LBUG hit during soak testing on a lola client while IOR & compilebench were running:

<4>Lustre: soaked-OST003b-osc-ffff88102fe96400: Connection to soaked-OST003b (at 192.168.1.105@o2ib10) was lost; in progress operations using 
this service will wait for recovery to complete
<6>Lustre: soaked-OST003b-osc-ffff88102fe96400: Connection restored to soaked-OST003b (at 192.168.1.105@o2ib10)

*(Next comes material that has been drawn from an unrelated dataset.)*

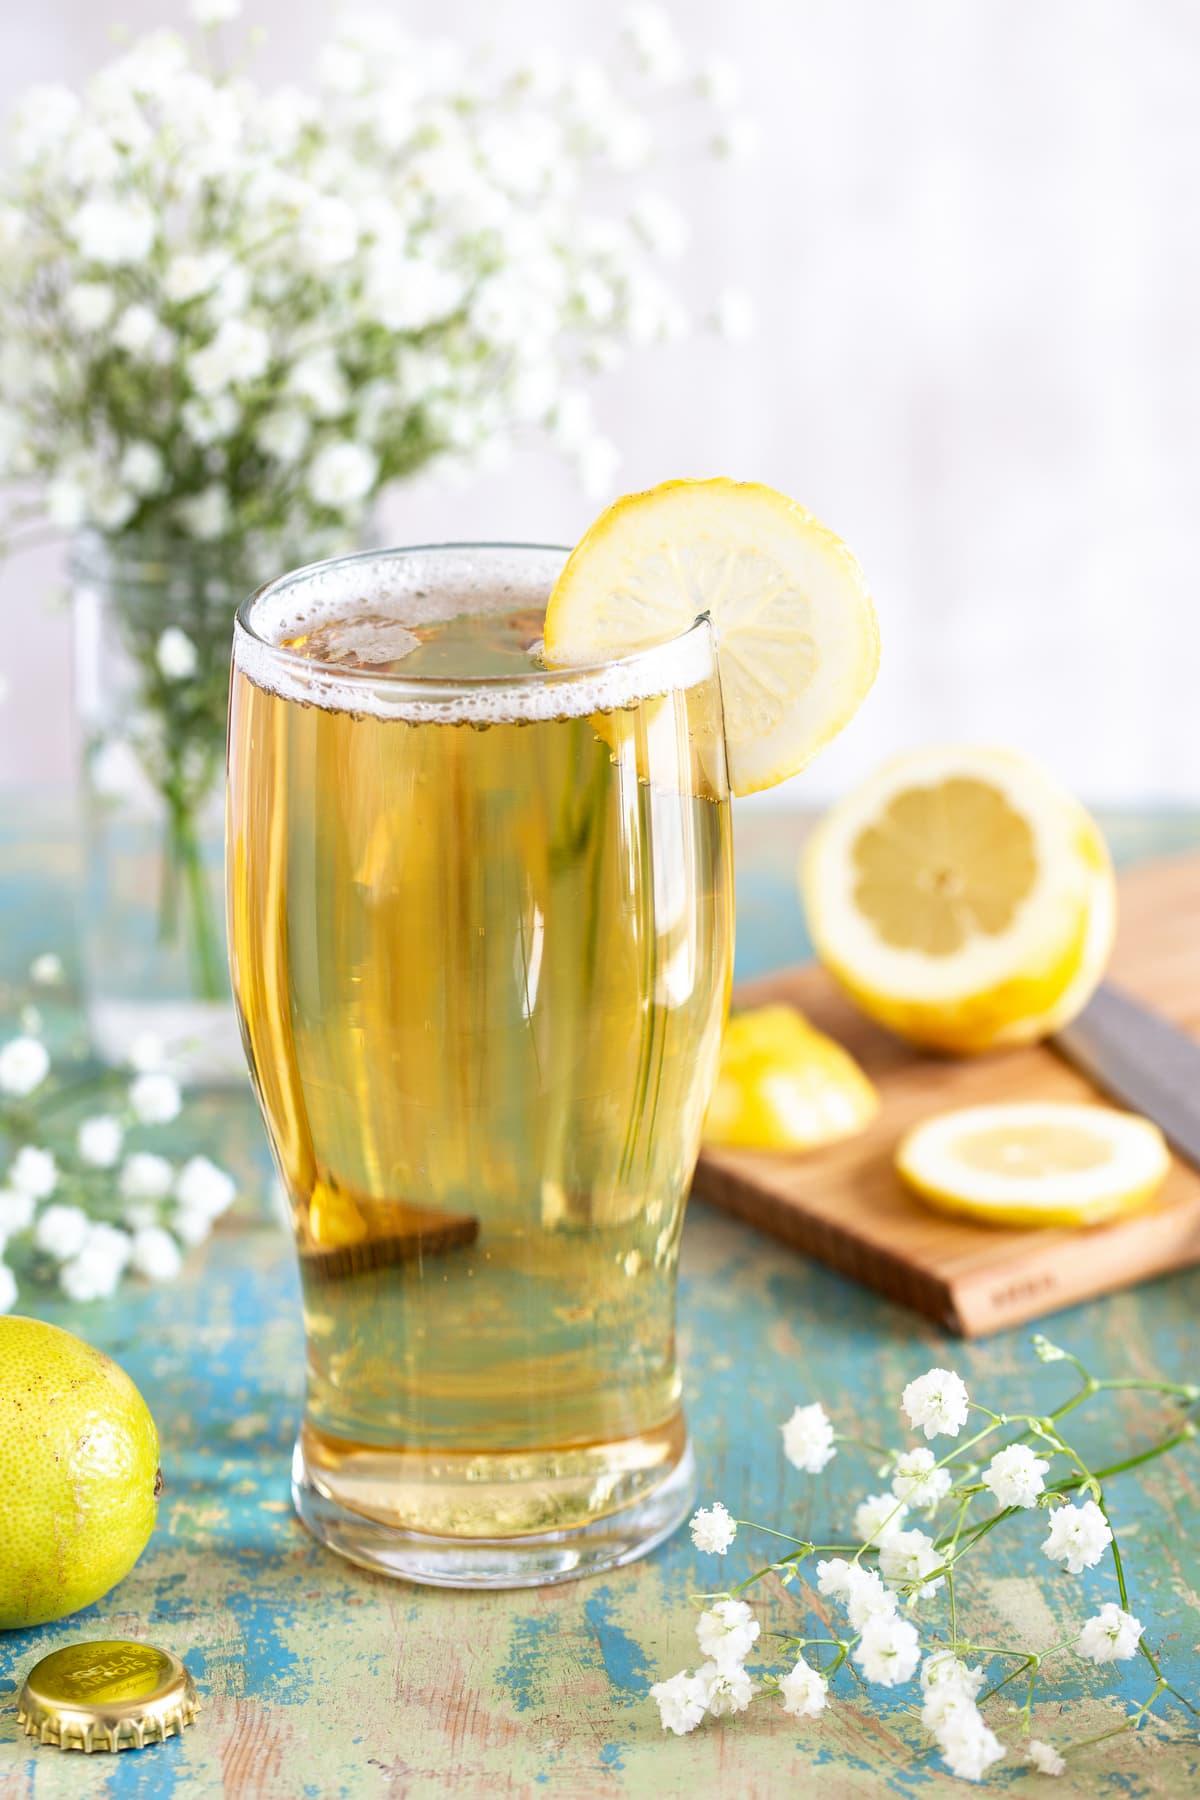 Panache served with a slice of lemon.

<0>LustreError: 3649:0:(statahead.c:734:ll_statahead_interpret()) ASSERTION( entry != ((void *)0) ) failed: 
<0>LustreError: 3649:0:(statahead.c:734:ll_statahead_interpret()) LBUG
<4>Pid: 3649, comm: ptlrpcd_23
<4>
<4>Call Trace:
<4> [<ffffffffa0696895>] libcfs_debug_dumpstack+0x55/0x80 [libcfs]
<4> [<ffffffffa0696e97>] lbug_with_loc+0x47/0xb0 [libcfs]

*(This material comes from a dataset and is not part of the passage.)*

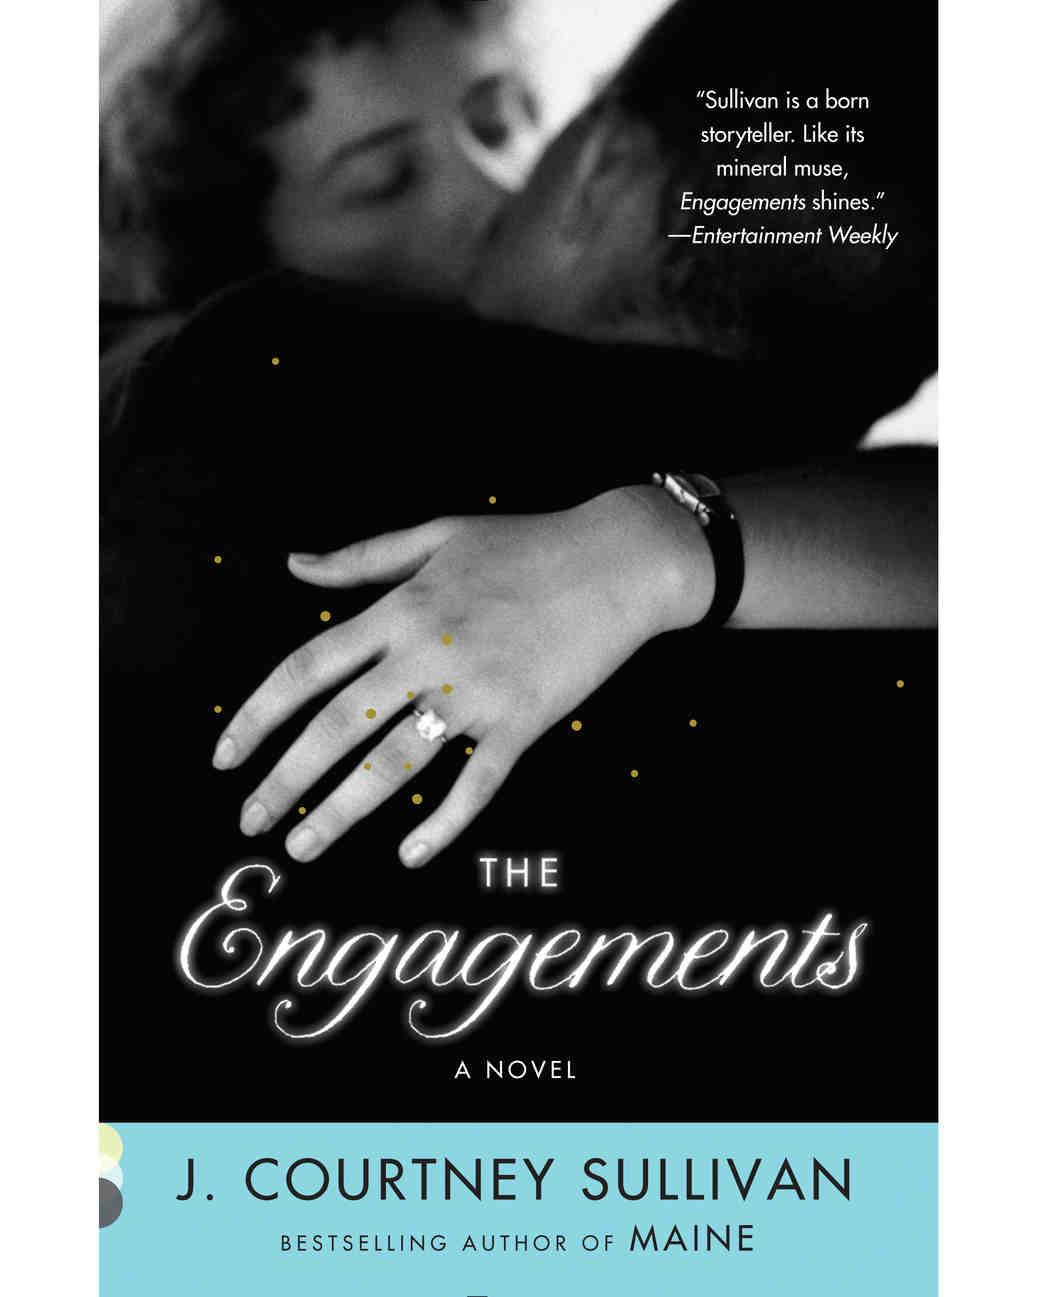 romantic-beach-reads-engagements-0715.jpg

<4> [<ffffffffa0e1ff67>] ll_statahead_interpret+0x3d7/0x440 [lustre]
<4> [<ffffffffa0d14a5a>] mdc_intent_getattr_async_interpret+0x20a/0x550 [mdc]
<4> [<ffffffffa0a2c893>] ptlrpc_check_set+0x343/0x1d20 [ptlrpc]

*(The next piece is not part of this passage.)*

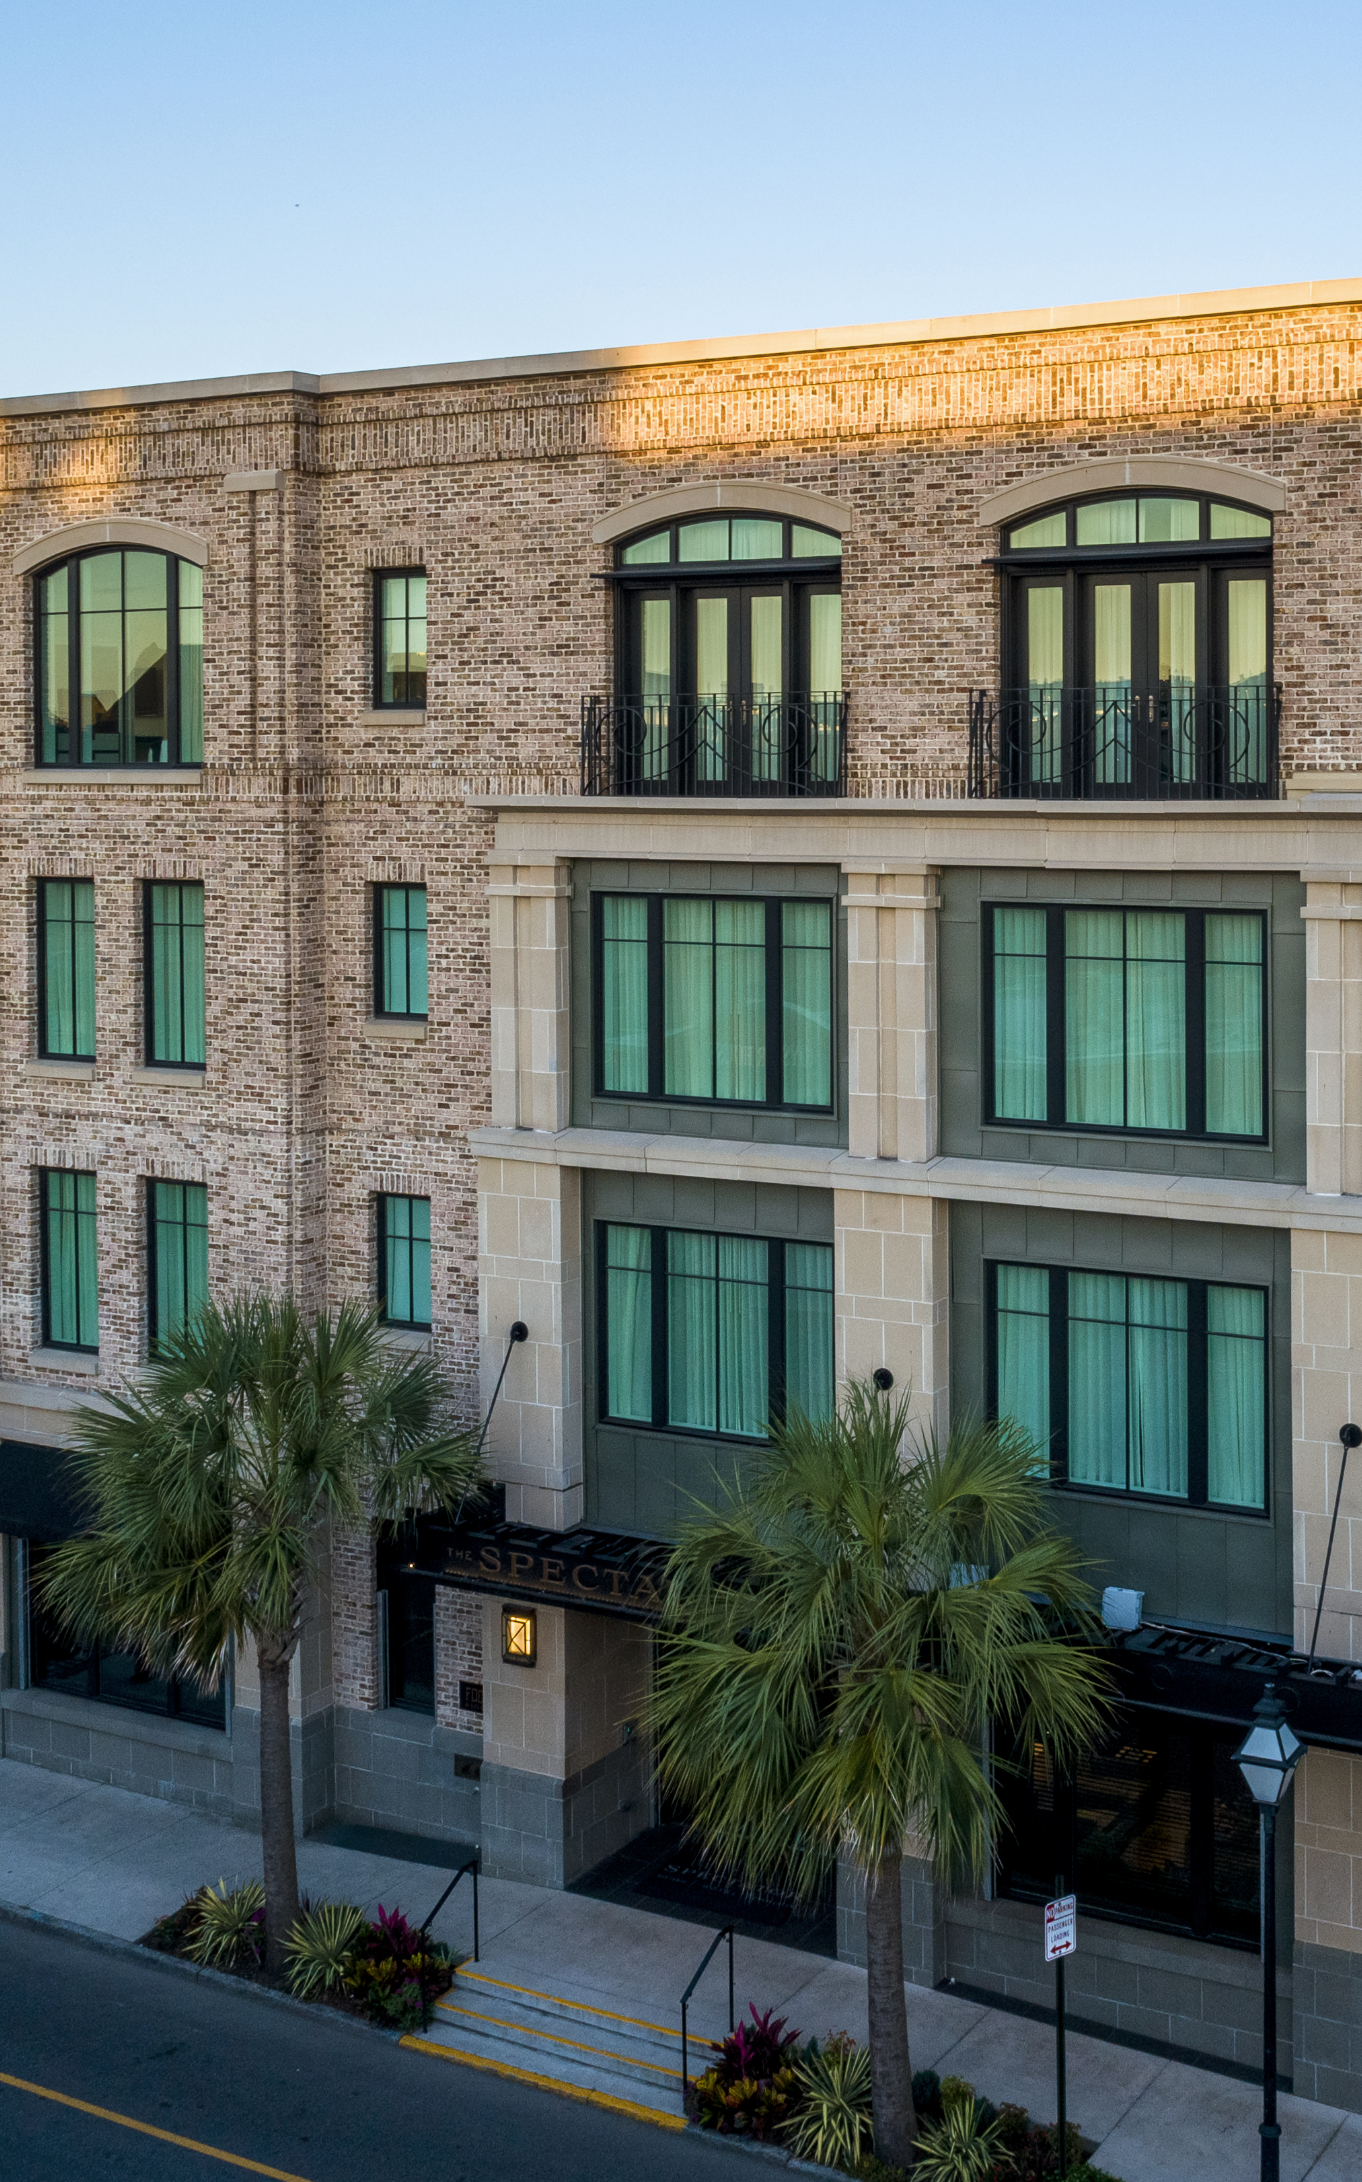 The spector brick hotel building

<4> [<ffffffff81084a1b>] ? try_to_del_timer_sync+0x7b/0xe0
<4> [<ffffffffa0a59a83>] ptlrpcd_check+0x533/0x550 [ptlrpc]
<4> [<ffffffffa0a5a0cb>] ptlrpcd+0x33b/0x3f0 [ptlrpc]
<4> [<ffffffff81061d00>] ? default_wake_function+0x0/0x20
<4> [<ffffffffa0a59d90>] ? ptlrpcd+0x0/0x3f0 [ptlrpc]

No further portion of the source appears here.